# Data records

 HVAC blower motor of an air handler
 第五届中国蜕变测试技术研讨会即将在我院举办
...
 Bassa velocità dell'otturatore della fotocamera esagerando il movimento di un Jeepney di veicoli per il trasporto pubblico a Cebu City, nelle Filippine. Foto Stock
* * *
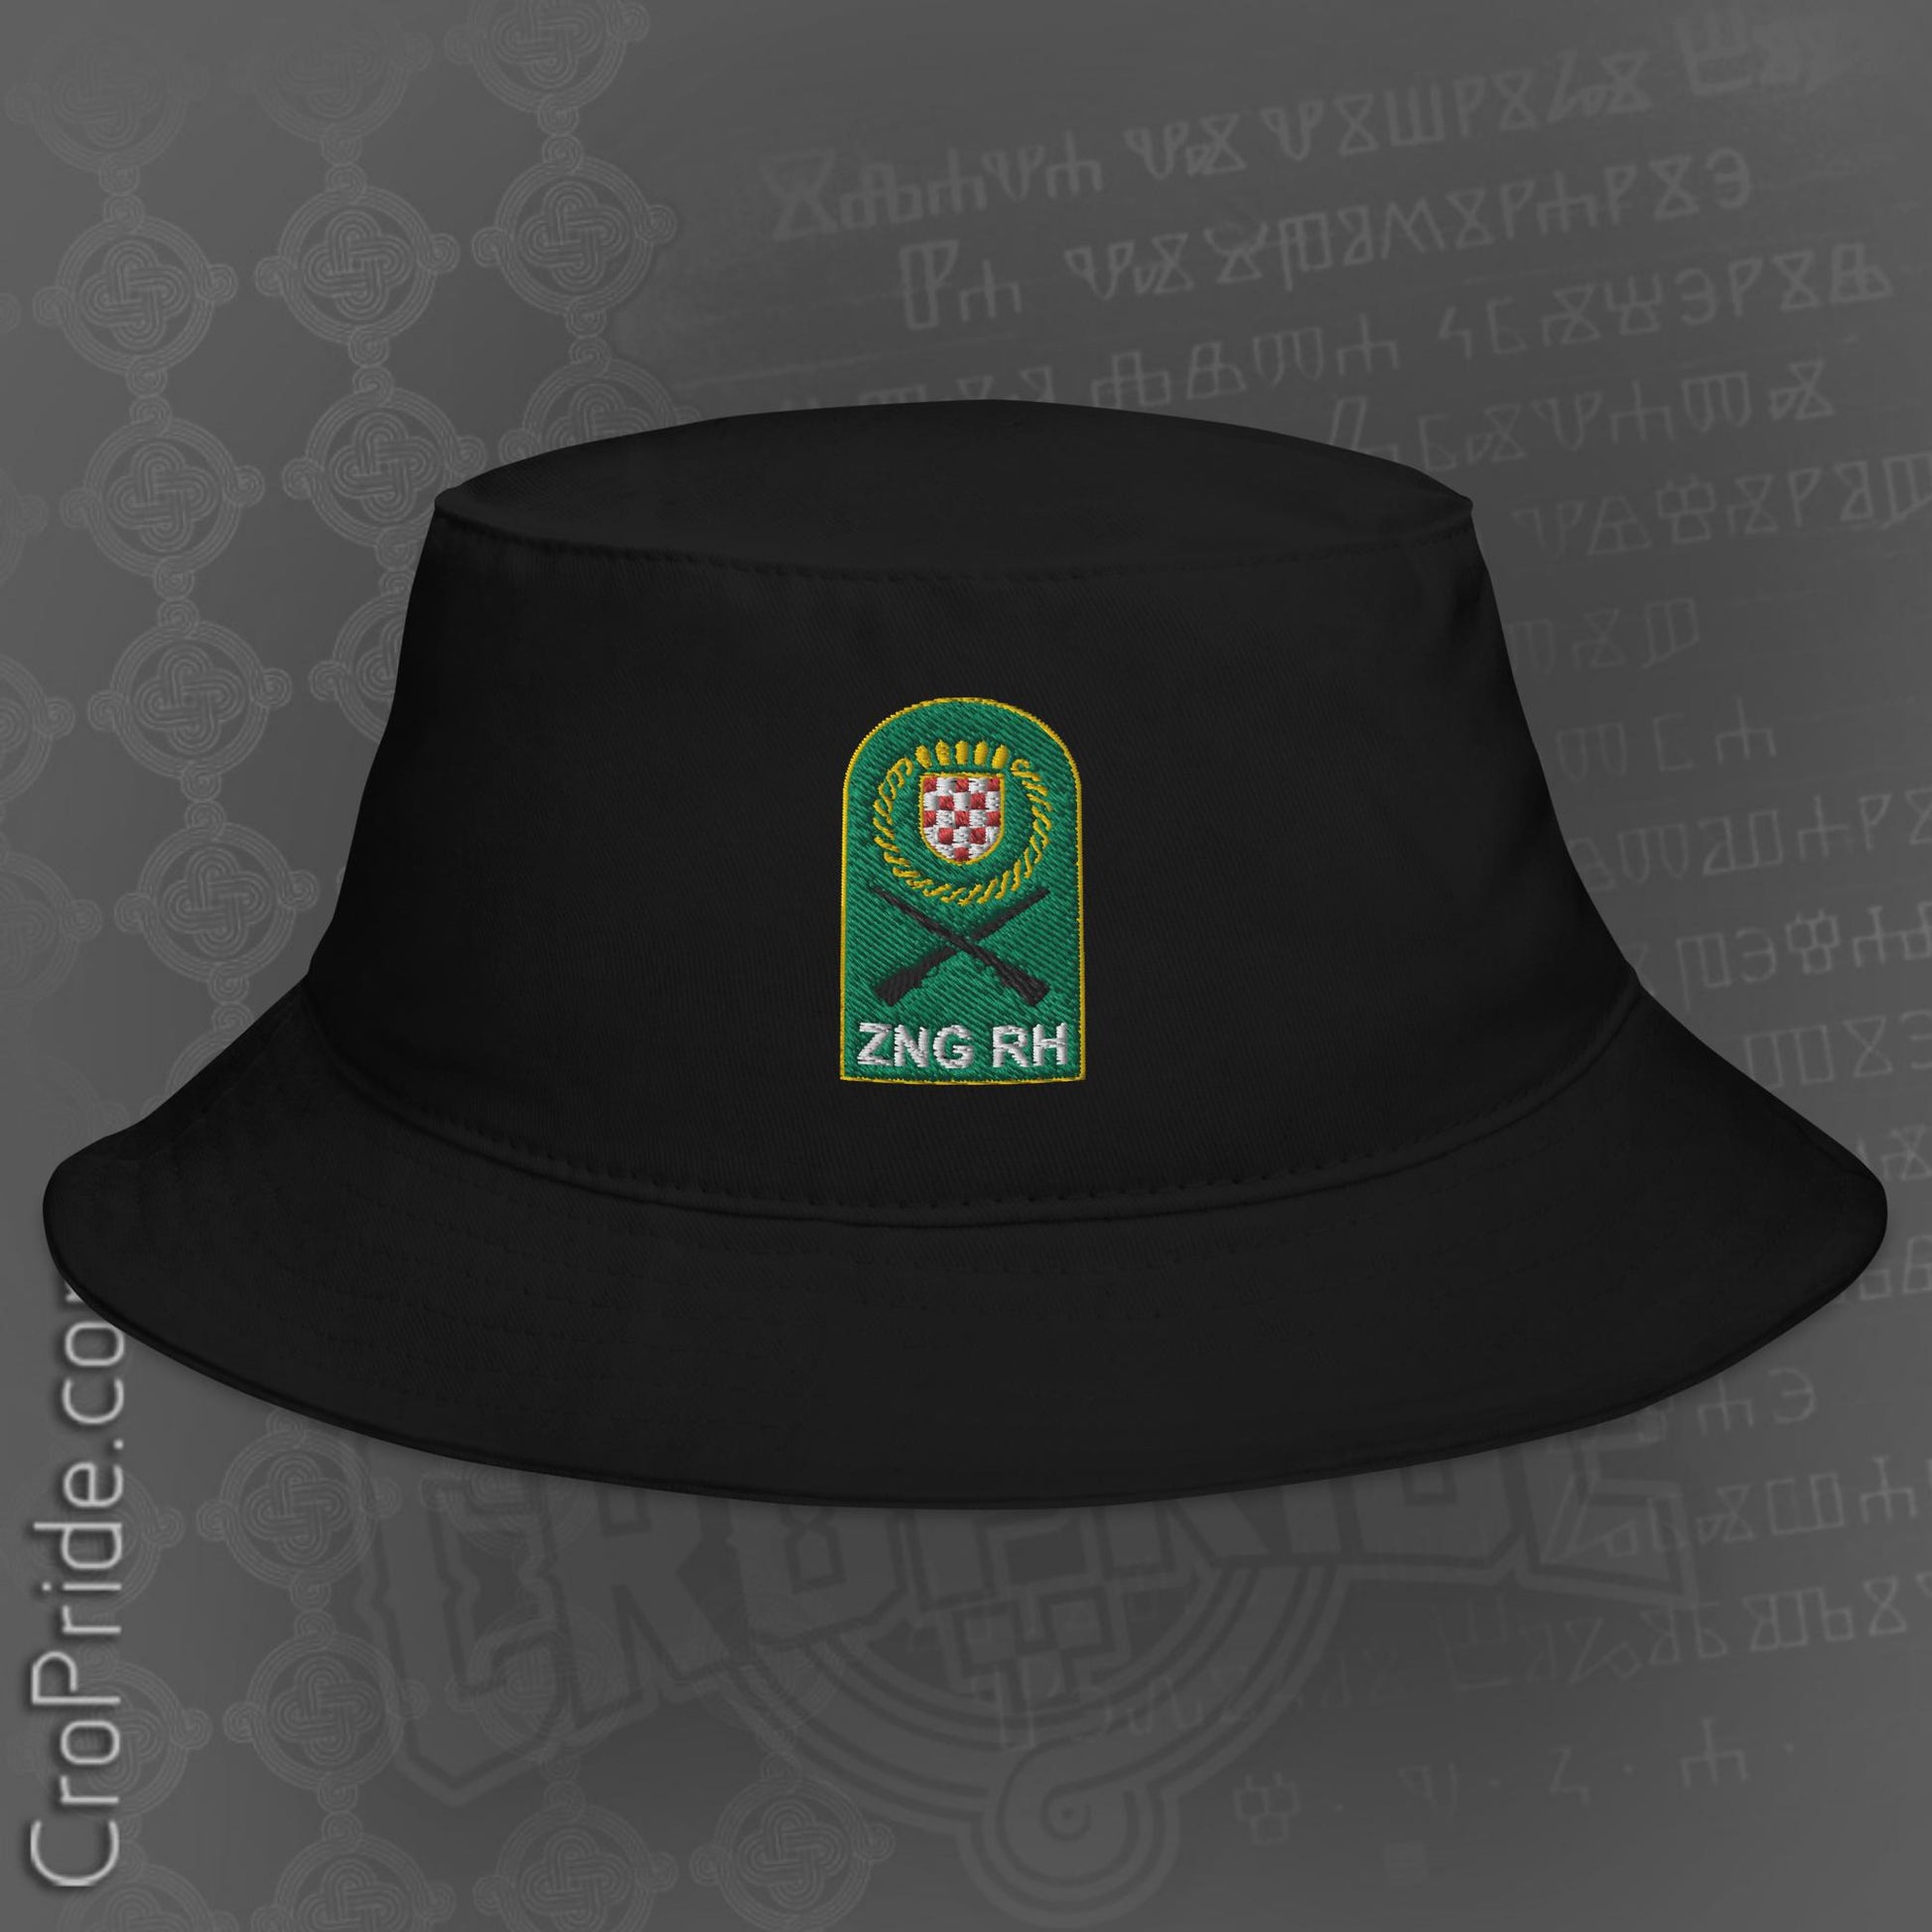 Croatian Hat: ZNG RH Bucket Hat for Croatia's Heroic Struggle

# The task
Out of the data above, give again only the lines starting at the one holding "HVAC blower motor of an air handler" and ending at the one holding "第五届中国蜕变测试技术研讨会即将在我院举办", unchanged.

# Your response
 HVAC blower motor of an air handler
 第五届中国蜕变测试技术研讨会即将在我院举办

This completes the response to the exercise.